**Exercise instructions:** Although the records contain pictures, none belong in the copy: restate word for word only the lines from the one with "Shop RED Valentino" through the one with "A replica of", both included.

**Data shown:**
****************

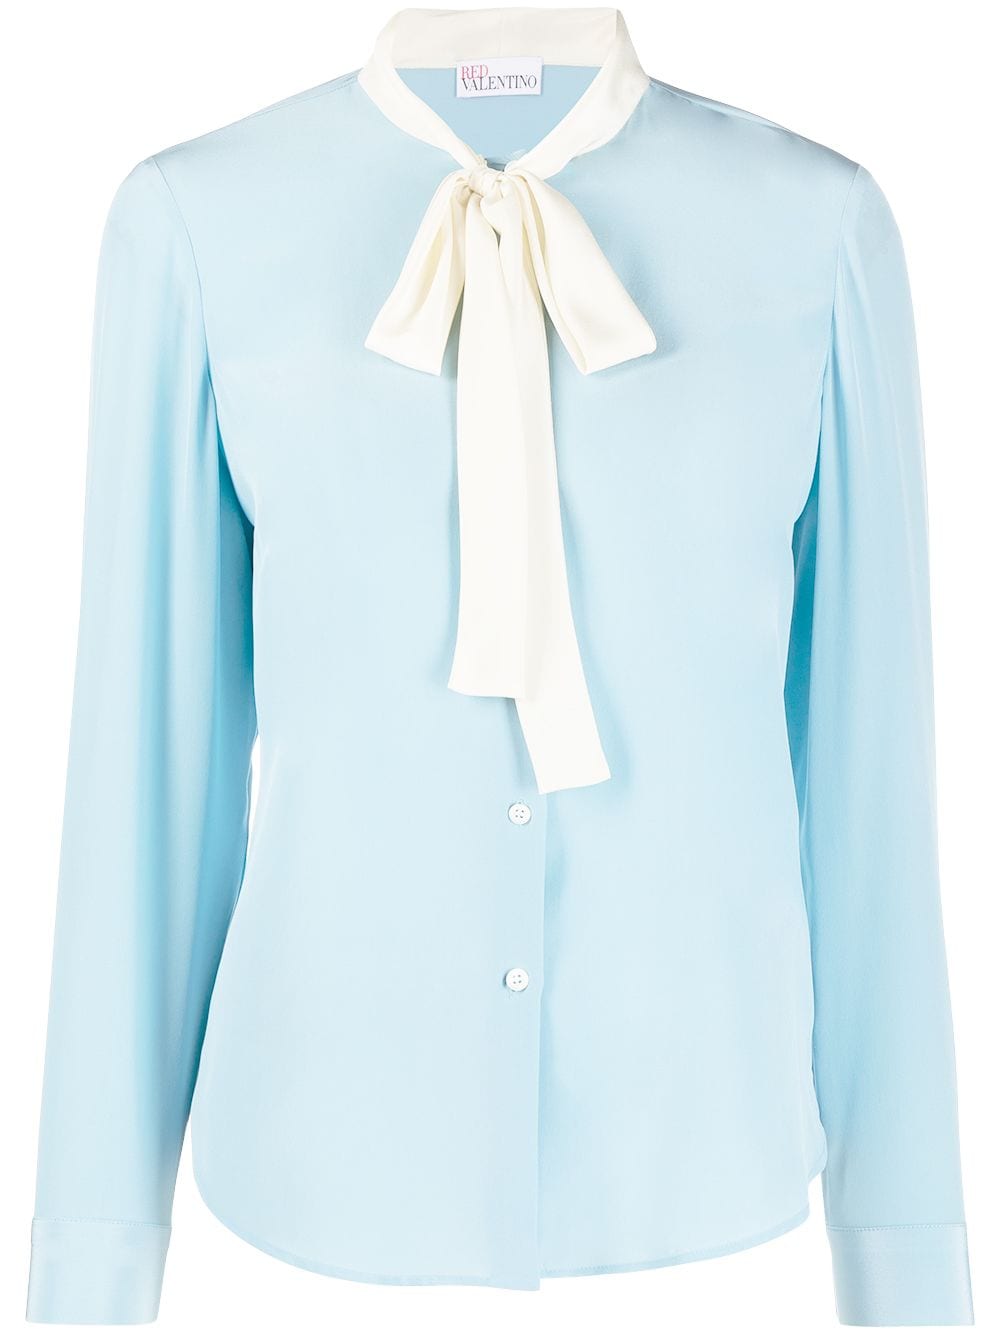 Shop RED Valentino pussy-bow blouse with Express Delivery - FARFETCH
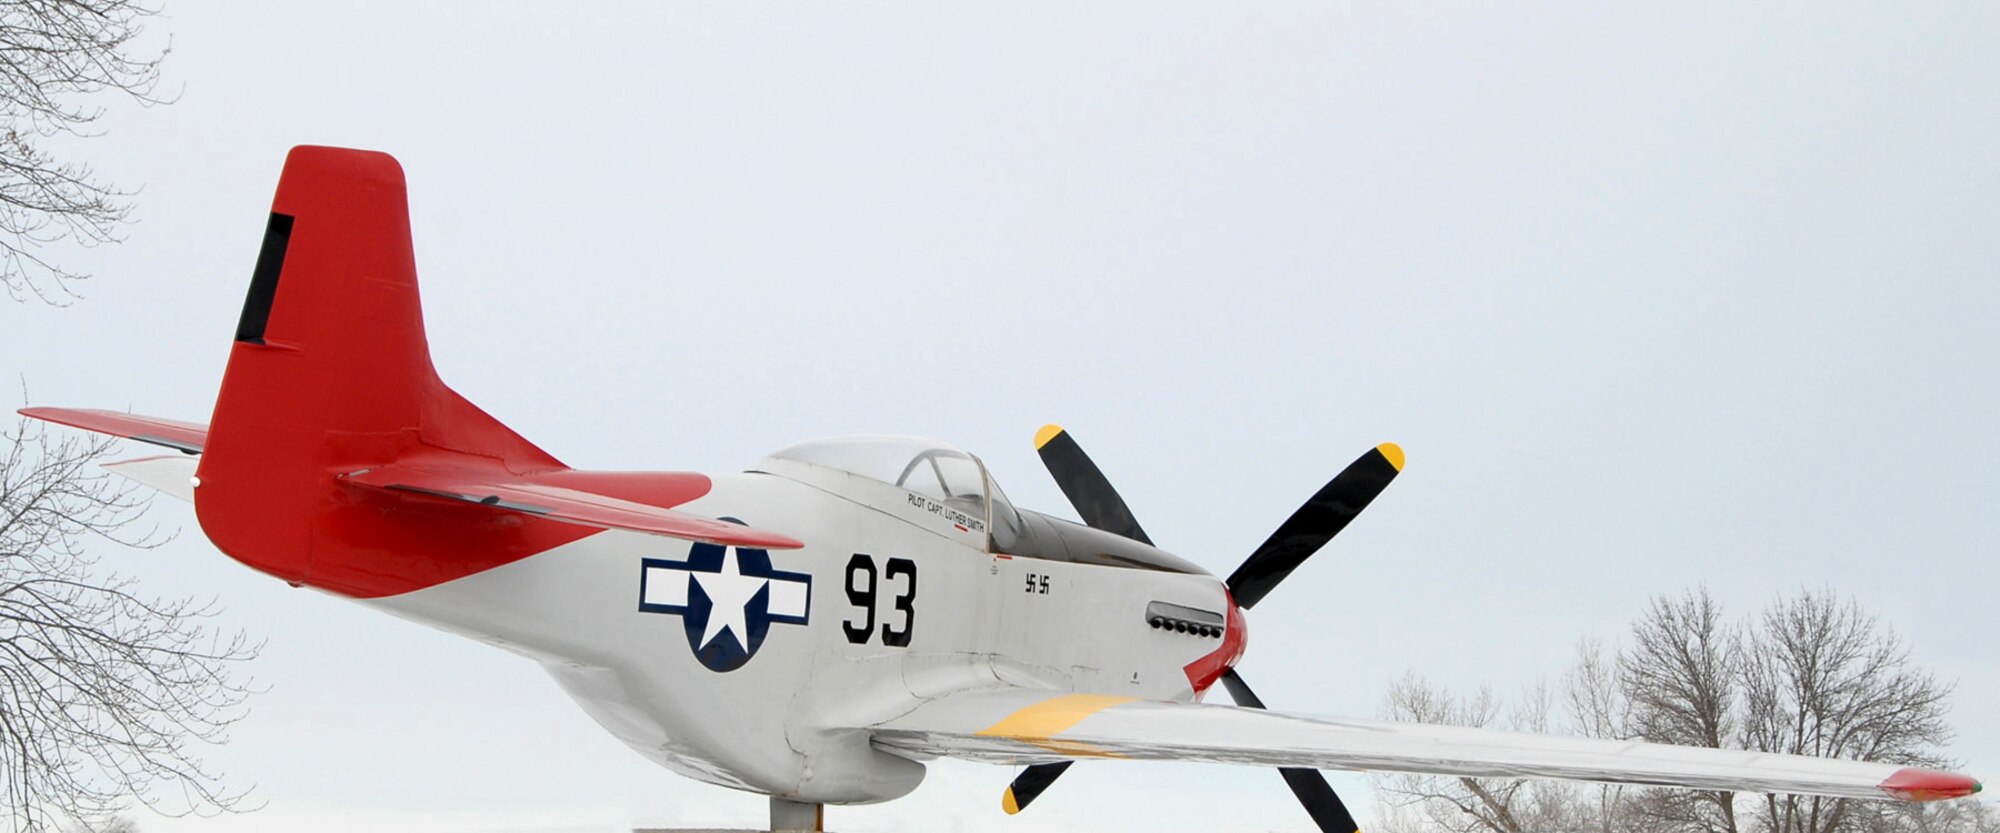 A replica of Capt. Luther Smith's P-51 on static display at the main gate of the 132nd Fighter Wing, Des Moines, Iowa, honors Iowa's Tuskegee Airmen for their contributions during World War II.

****************

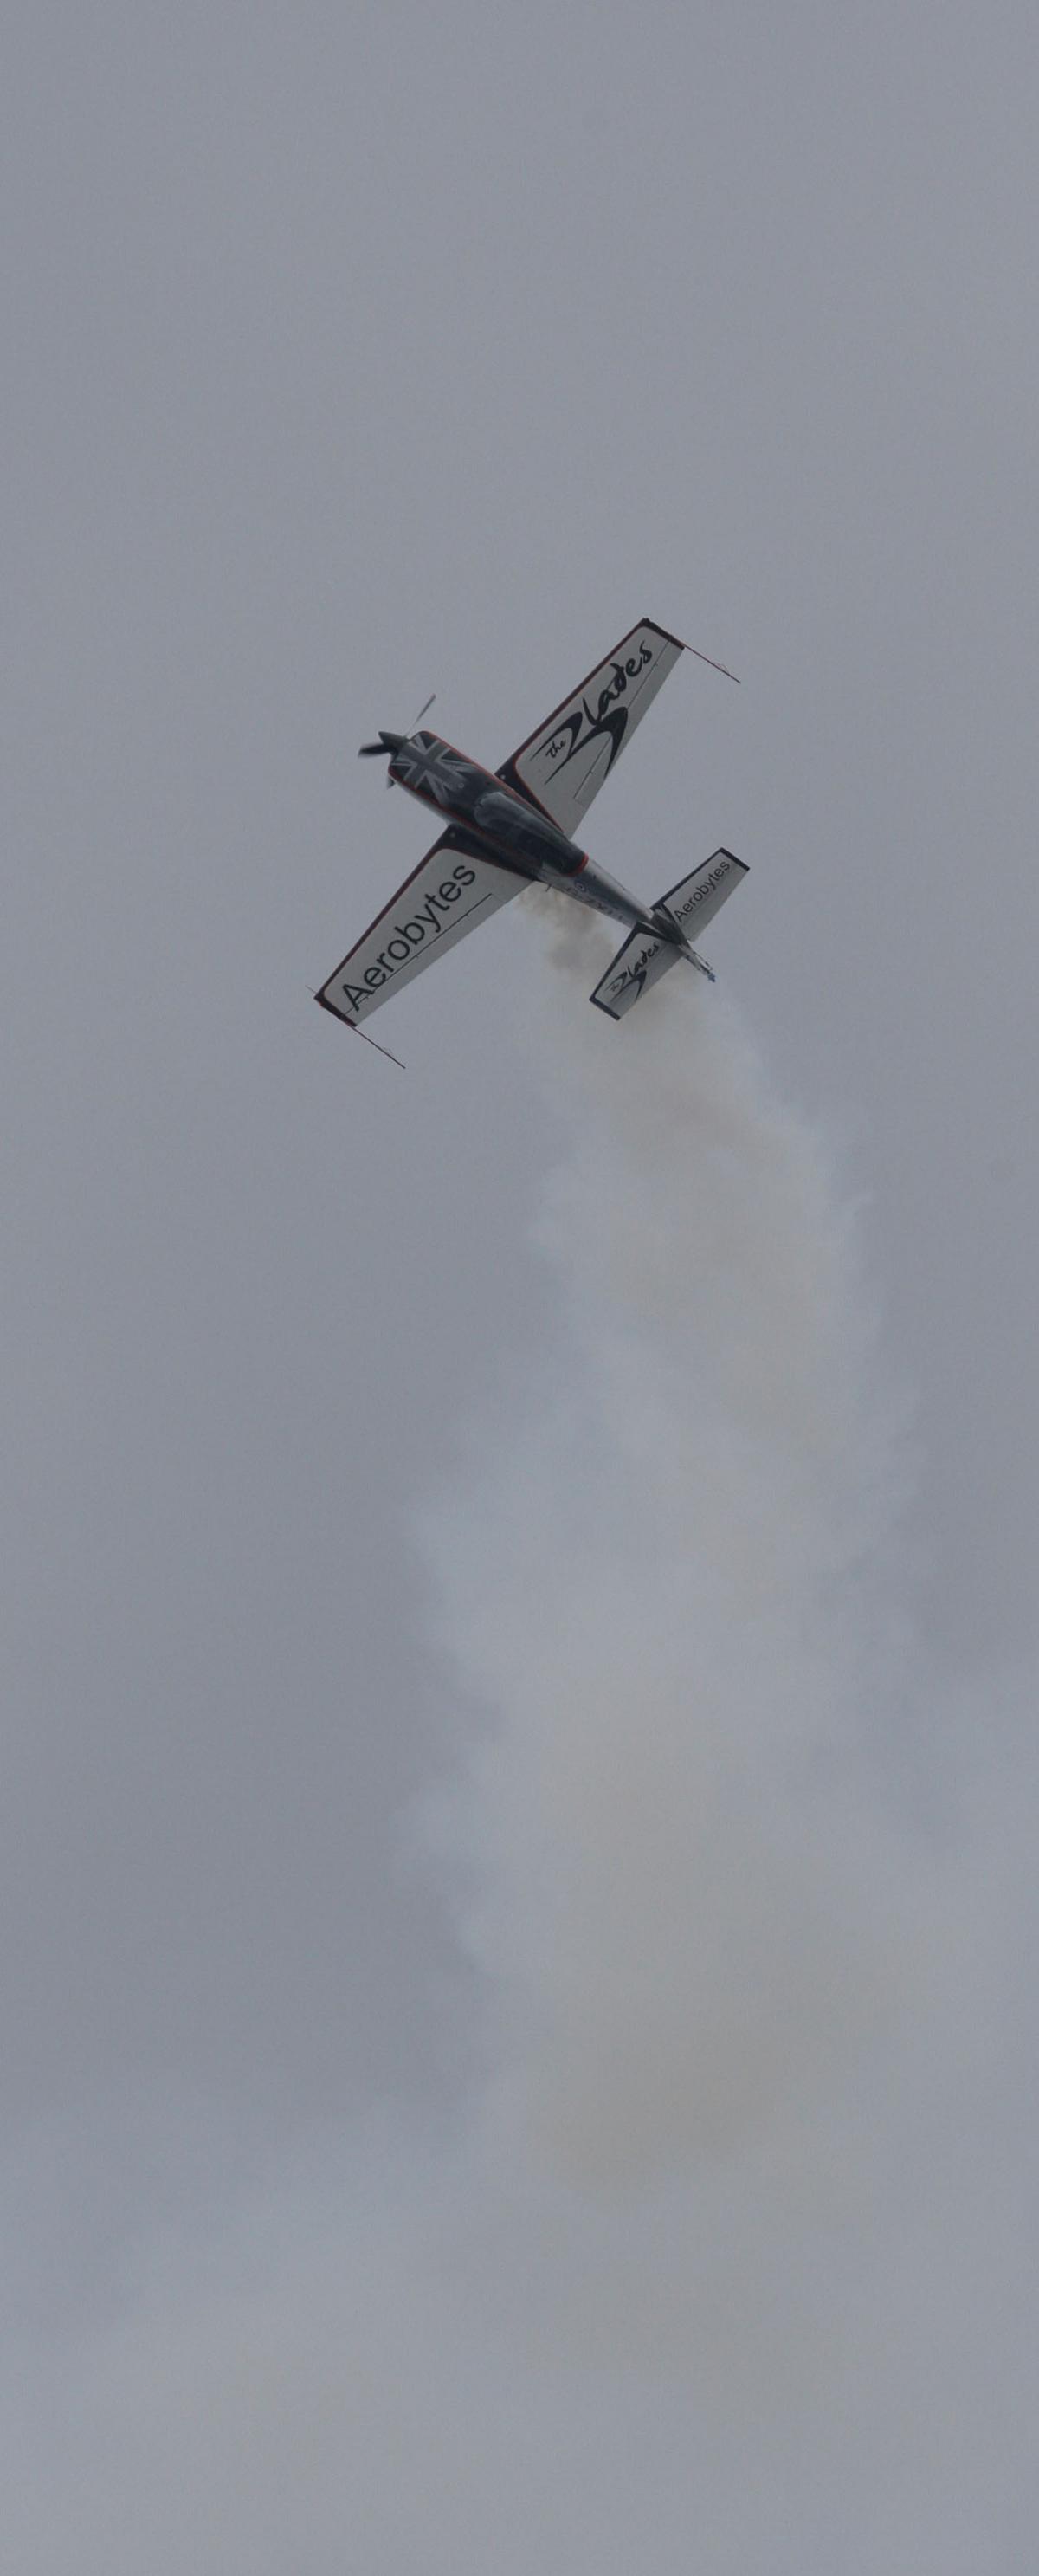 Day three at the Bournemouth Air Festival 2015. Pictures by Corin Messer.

****************

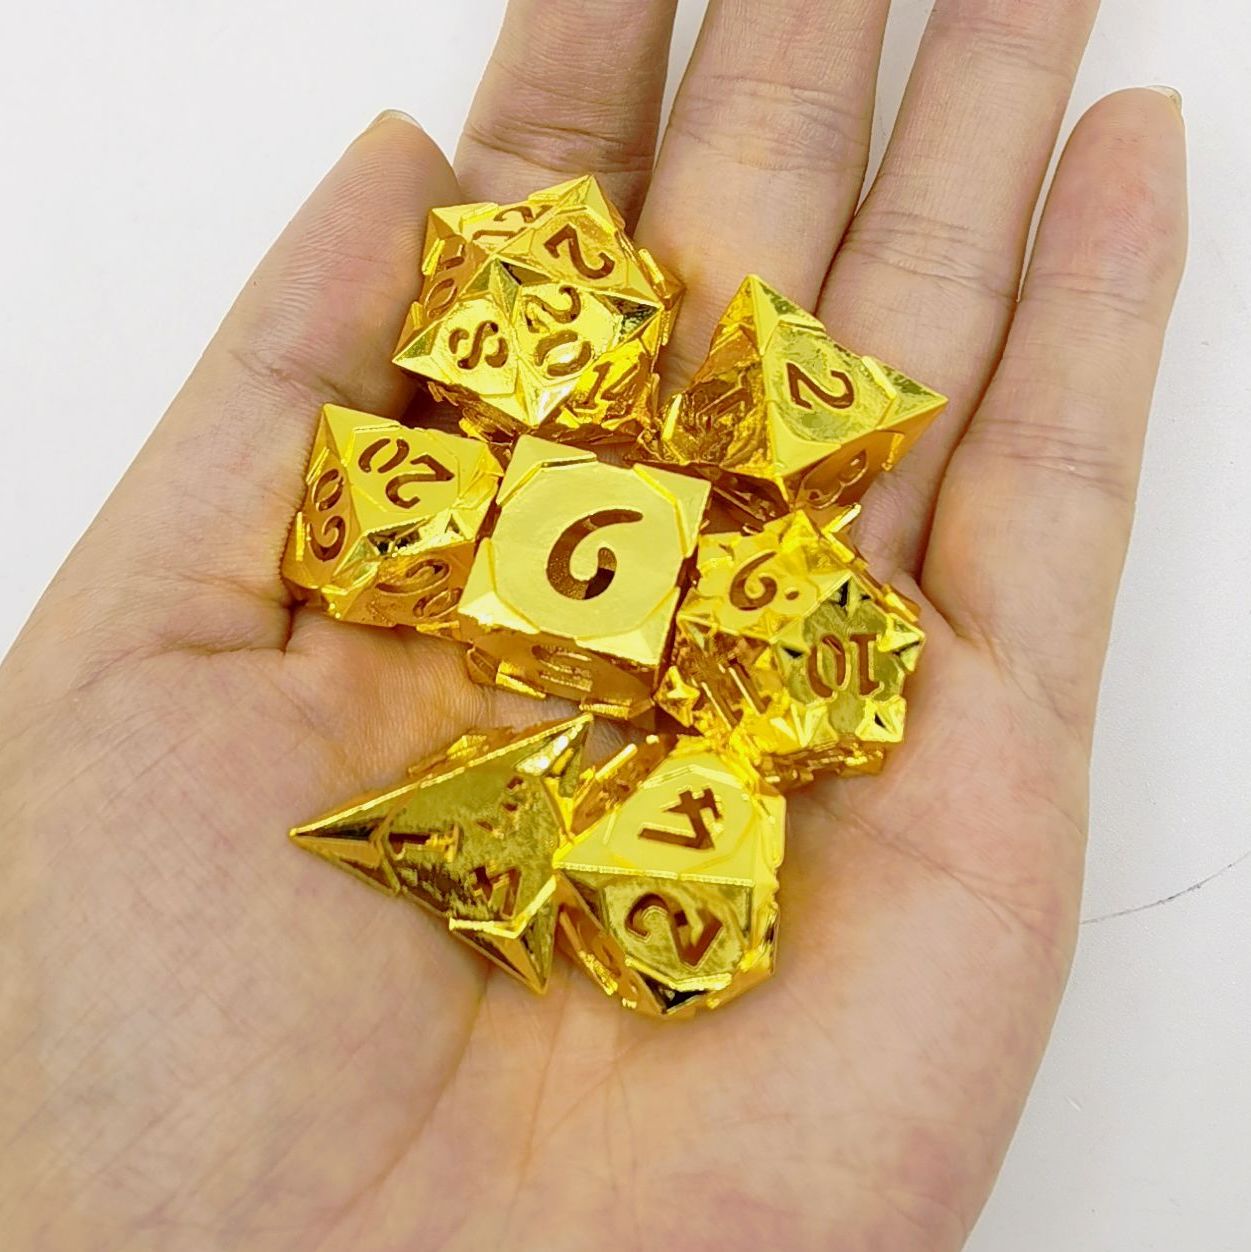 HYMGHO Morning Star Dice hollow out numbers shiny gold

****************

**Solution to this problem:**
 Shop RED Valentino pussy-bow blouse with Express Delivery - FARFETCH
 A replica of Capt. Luther Smith's P-51 on static display at the main gate of the 132nd Fighter Wing, Des Moines, Iowa, honors Iowa's Tuskegee Airmen for their contributions during World War II.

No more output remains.